Let me just start off here by thanking my readers-- especially Scu, Brunson, and Anotherpanacea-- for reminding me that for every silver lining there is a dark cloud. I was so juiced about how I might potentially extract some of the broadest implications of the article's claims that I, quite regrettably, overlooked many of the details. Important details. Like, as Brunson pointed out, that the same claims could be used (and have been used) to support arguments in favor of the genetic superiority of males. AnPan seconded this suspicion by reminding me that the disciplinary frame of the article I was so enamoured with was still evolutionary psychology, which has a long and storied record of naturalizing (and, consequently justifying) gender inequities in the name of good "science." Perhaps more disturbingly, I also overlooked the details of the experiments themselves-- on both children and animals-- that were forwarding the research being heralded in the article. Scu posted a kind of exposé of that research over on his own blog (in a post titled "Vulnerability and Animal Experimentation") that, first, shocked and horrified me with its account of the scientists' utter cruelty and indifference to animal vulnerability and, second, embarrassed me for so quickly glossing over these experiments in the course of hurrying on to praise their results.
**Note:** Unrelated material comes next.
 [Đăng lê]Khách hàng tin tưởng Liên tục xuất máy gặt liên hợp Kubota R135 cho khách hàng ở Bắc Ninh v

After reading their comments, I felt a bit like the kid in A Christmas Story, who was so impressed with his shiny new Red Ryder BB gun (with a compass in the stock) that he ignored its very real danger of shooting his eye out.
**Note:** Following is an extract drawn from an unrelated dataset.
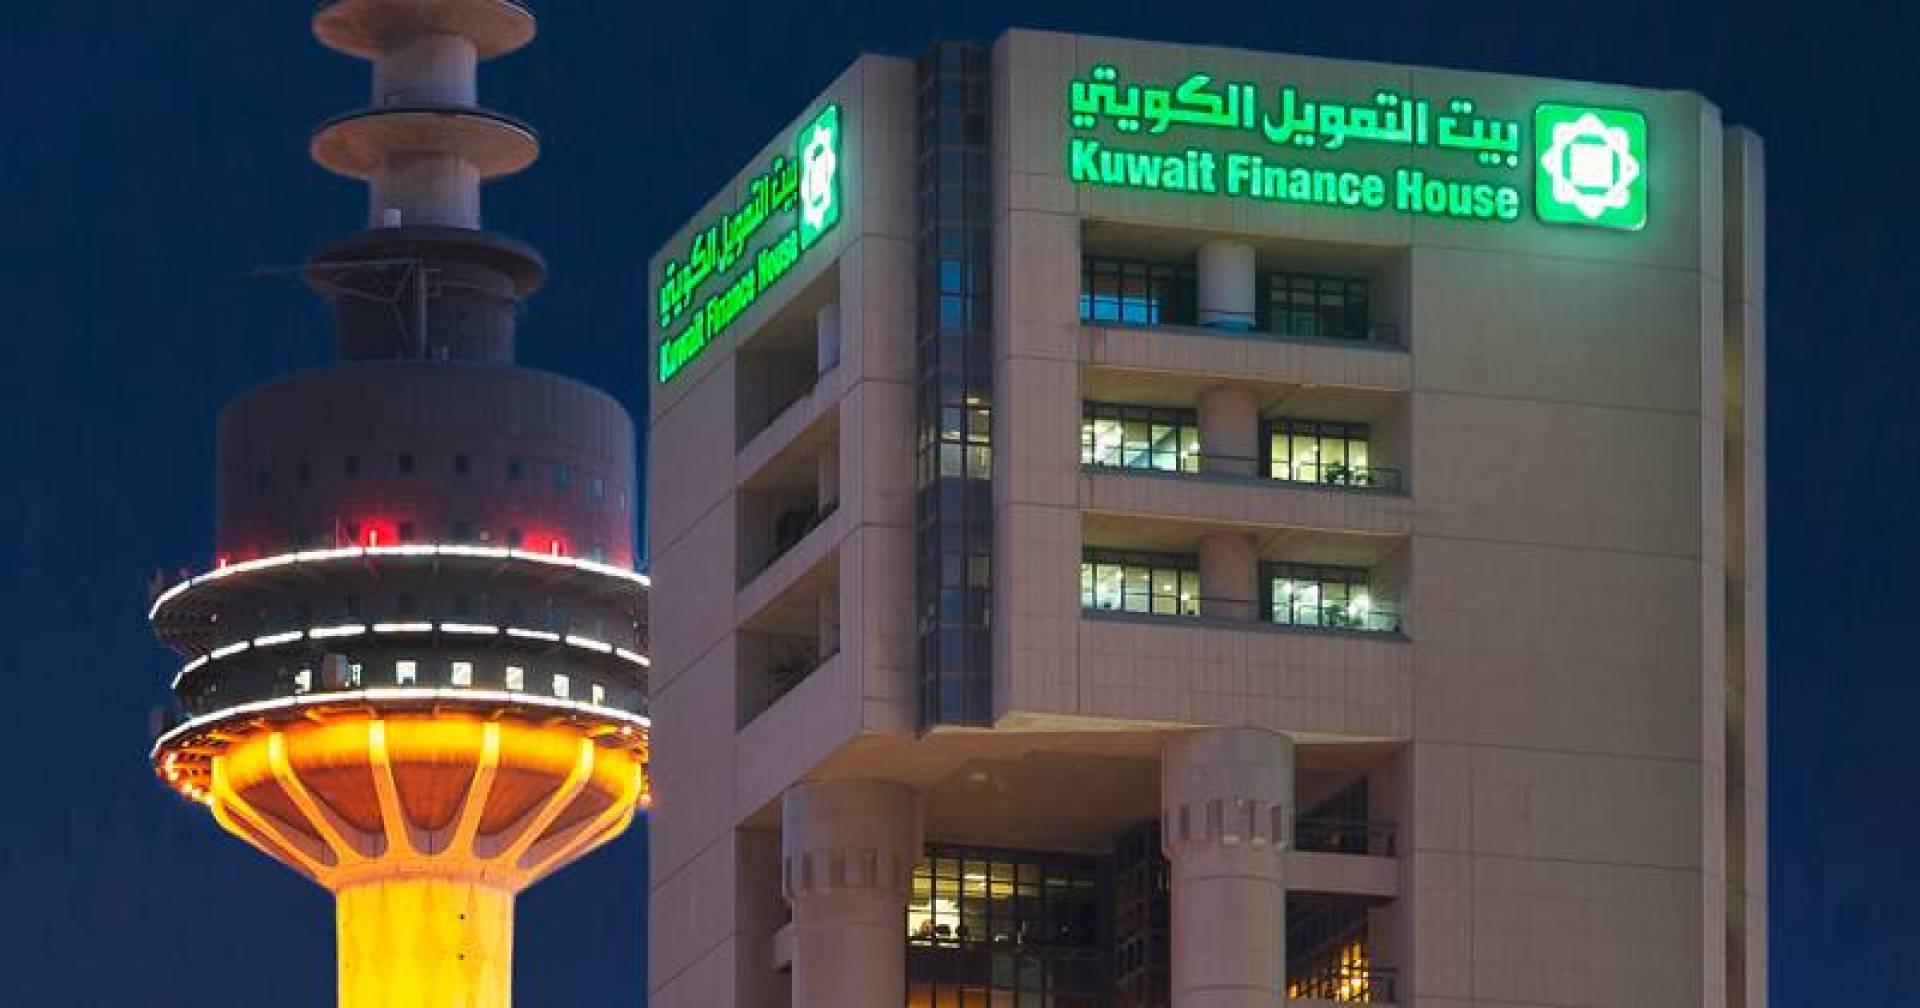 بيت التمويل الكويتي

If one learns anything at all from deconstruction, it first must be that every system, structure, theory, text or context of meaning has many hidden nooks and crannies that, quite often, harbor all varieties of contradictions, countermemories, aporias and other means for its own undoing. So, mea culpa. I did not read (or think) carefully enough in this instance, and I am deeply appreciative of my critical readers for reminding me so. But I am also inclined to say that this is a hazard of the occupation in which we are engaged, that is, the occupation of thinking through, perhaps even thinking beyond, the narratives handed over to us. An unavoidable hazard, even. I do not offer that as an apology so much as an observation, a reminder to myself and others that the work we do is sometimes perilous, sometimes strange, often unpredictable.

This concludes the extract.